The other useful reminder at the same post from the Anchoress came from one of her readers. Saying “no” is only the beginning. The fact is that there is a problem with health care in America, and that problem is sky-rocketing costs. Part of the problem is tied to the fact that medicine has moved beyond leeches and cupping. Scientific sophistication is going to cost you. But the other part of the problem is that there are no incentives to save money, and that’s true whether you’re a provider, an insurer, or a patient.
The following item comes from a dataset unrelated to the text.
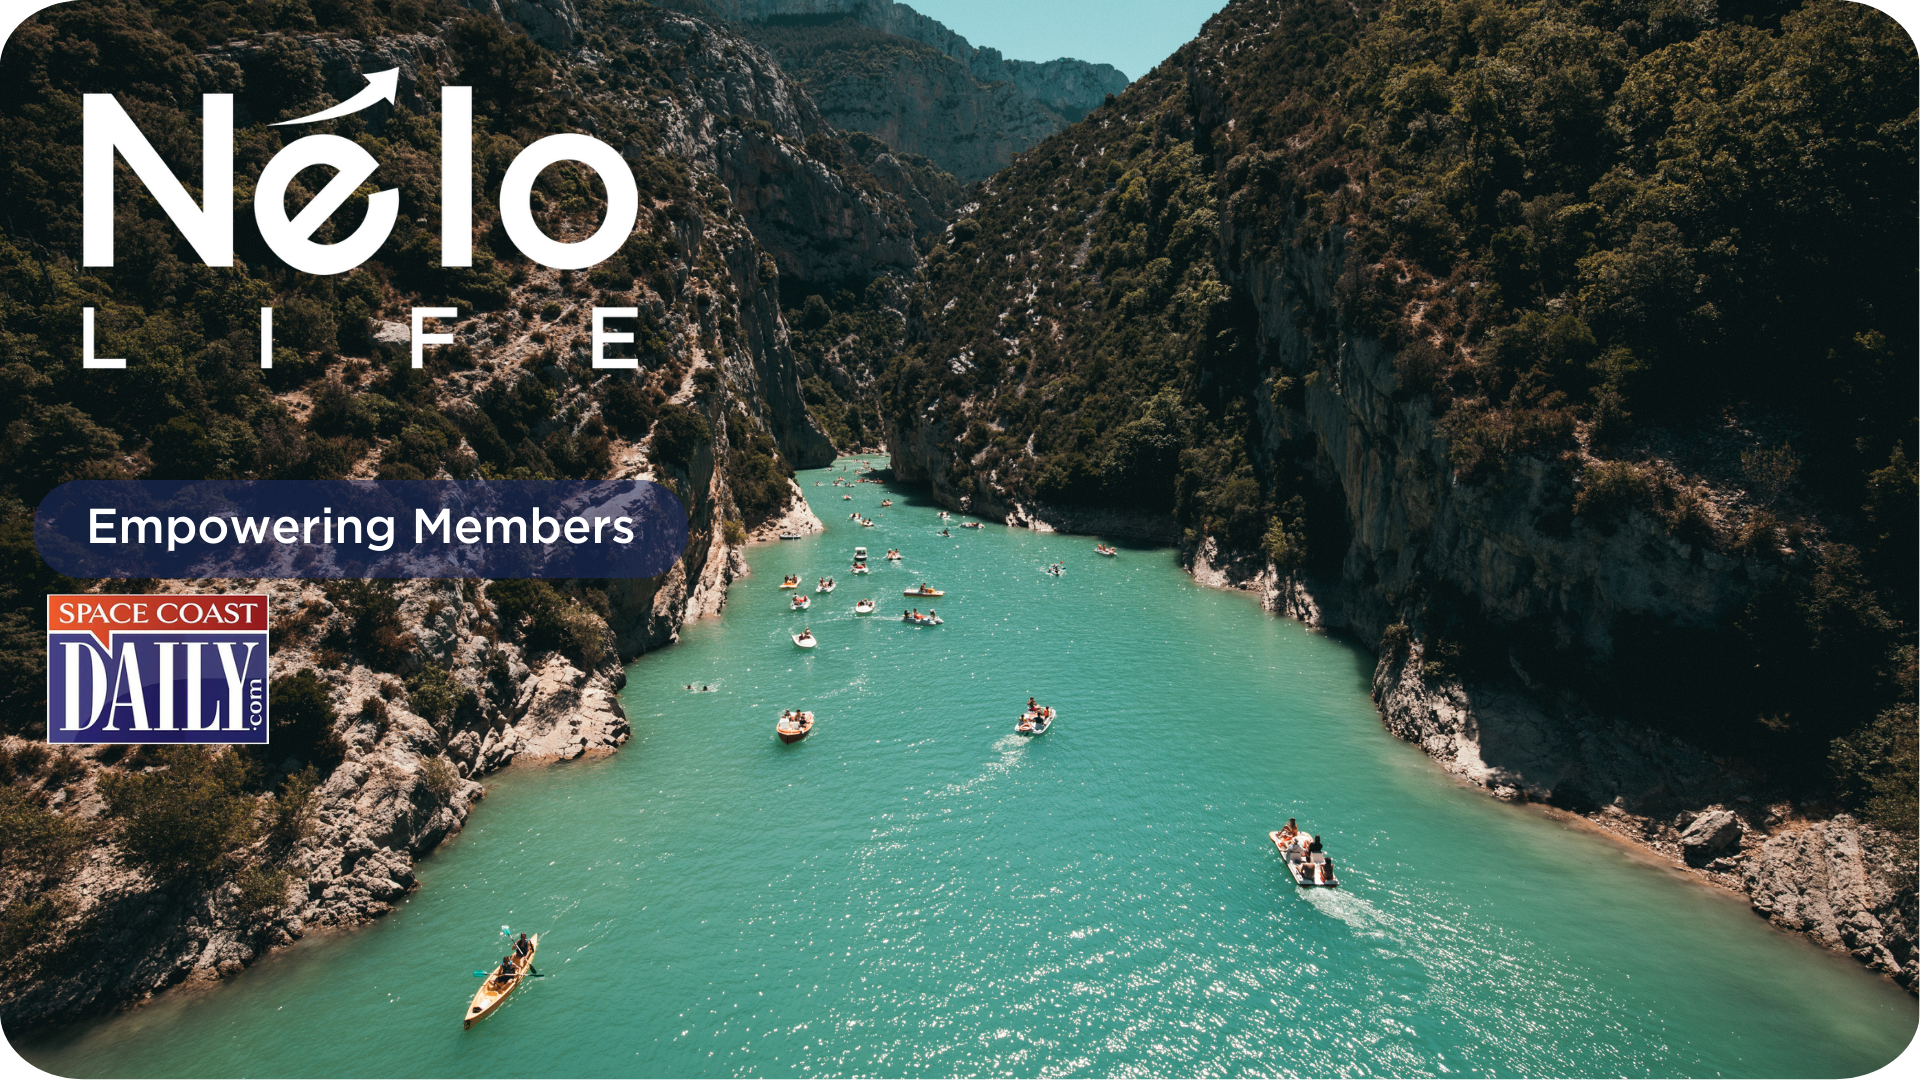 Nelo Life Empowers Members to Travel and Earn with Unique Membership Program

The answer that Obama & Co have to rising costs is simple: let’s just transfer all control to the government. It won’t cost less (in fact, it will cost much more), and the medical care you receive will degrade significantly, and innovation will vanish, but the important thing is that citizens won’t see the money being spent at the doctor’s office. (Never mind that it’s being sucked out of their pockets through sky-high taxes.) After all, we’re dumb little sheeple and, when it comes to money, out of sight is out of mind, right?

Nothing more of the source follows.